During his lifetime, Saul Leiter (1923–2013) was something of the ignored artist of American photographic history. While his career spanned a time when quintessential New York street photography was defined as swift, sharp and precise, Leiter’s leisured, impressionist style went against the grain. Leiter was a pioneer of colour photography, adventurously using Kodachrome colour slide film well before the likes of William Eggleston and Joel Meyerowitz. As the Guardian’s Sean O’Hagan wrote in Leiter’s obituary, “[his photographs] are as much about evoking an atmosphere as nailing the decisive moment.”

A retrospective of the late photographer’s work has just began at The Photographers’ Gallery; the first major public show of his work in the UK features more than 100 works, including early black-and-white and colour photographs, sketchbooks and related materials.

Postmen, 1952
Postmen, 1952
 
Straw Hat, ca. 1955
Straw Hat, ca. 1955
 

While Leiter’s early black-and-white images were published in LIFE magazine and exhibited in New York and Tokyo, he quickly moved into fashion photography, shooting for Harper’s Bazaar, Elle, British Vogue, Esquire and more.

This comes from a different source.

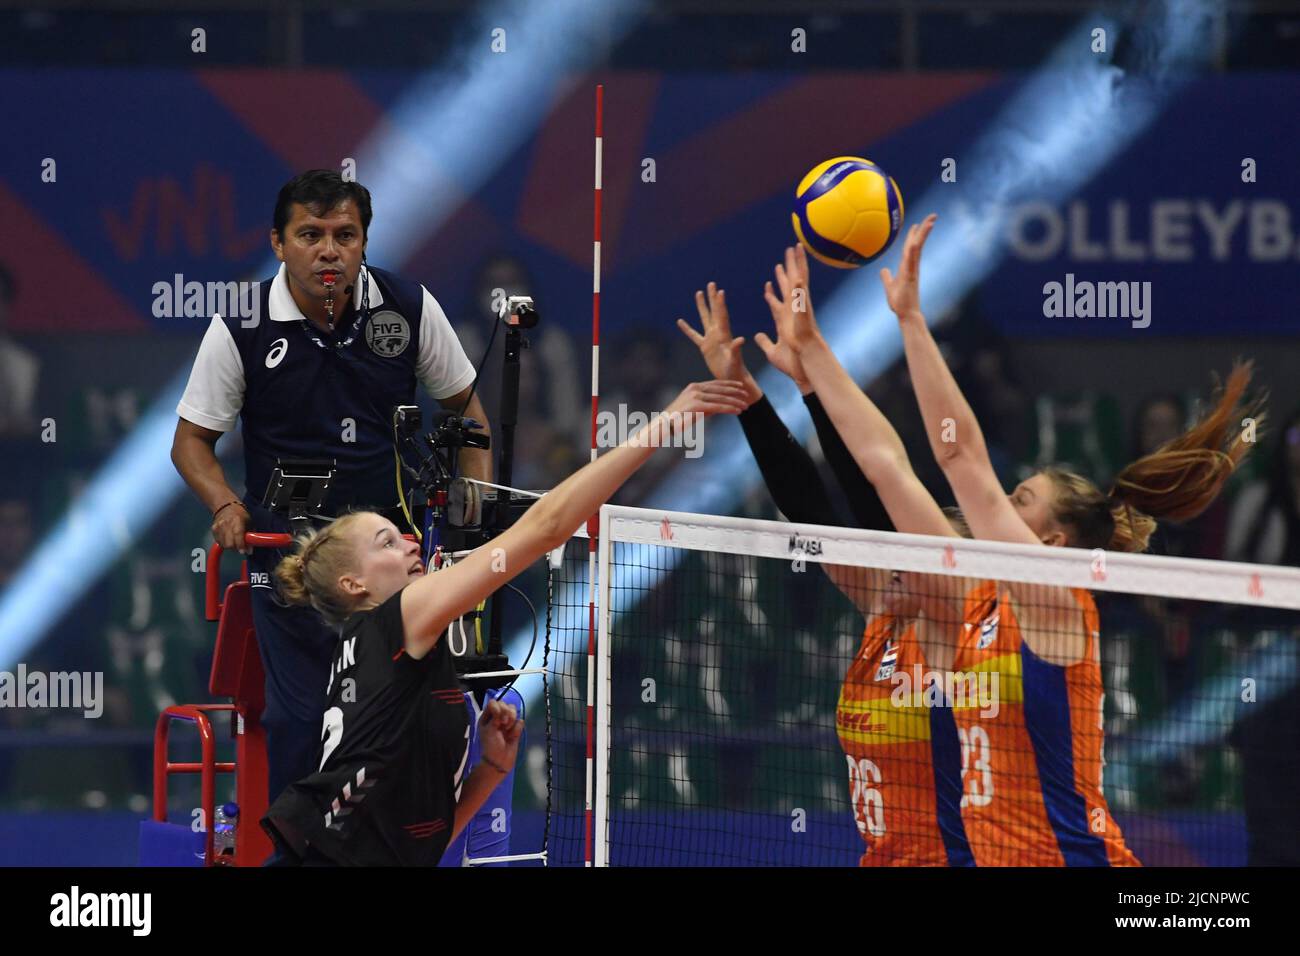 Brasilia, Brazil. 14th June, 2022. DF - Brasilia - 06/14/2022 - FEMALE NATIONS VOLLEYBALL LEAGUE NETHERLANDS X GERMANY - Hippe Saskia player from Germany attacks during a match against Netherlands at Nilson Nelson Gymnasium for the Women's Volleyball Nations League 2022. Photo: Mateus Bonomi/AGIF/Sipa USA Credit: Sipa USA/Alamy Live News Stock Photo

When I speak to Brett Rogers, director of the Soho gallery since 2005, she tells me this goes some way towards accounting for Leiter’s undersized reputation at the time.

“Fashion photography’s always had a bad reputation for being a bit artificial and superficial, so museums didn’t take it very seriously. But he never thought of the images he took as fashion photographs – he was always just interested in composing an interesting image.”

His disdain for the photographic trends of the day pushed him towards his distinct use of colour. His ability to find hushed moments in a bustling metropolis perfectly complimented his expert command of colour; Leiter would combine a muted palette with soft focus, or stronger primary hues with deep shadows that enabled tones to pop with vibrancy. Sadly, this contributed to his being ignored by the photographic community, Rogers explains.

I LIKE IT WHEN ONE IS NOT CERTAIN WHAT ONE SEES.” – SAUL LEITER 

 

“Colour was associated with advertising, but in the 1950s he was showing that it could be an art form,” that the marriage of “photography and colour could be a powerful medium.” What now can be seen as a narrow-minded view was at the time widespread and meant that he didn’t have a gallerist until 2008, when Howard Greenberg took him on. Leiter’s irreverence, modesty and lack of ego (“unusual for a photographer”, Rogers notes) meant, in Rogers’ words, “he really didn’t give a stuff what other people thought of what he was doing”. Still, it is more than a little galling Leiter’s first exhibition in Europe wasn’t until 2008.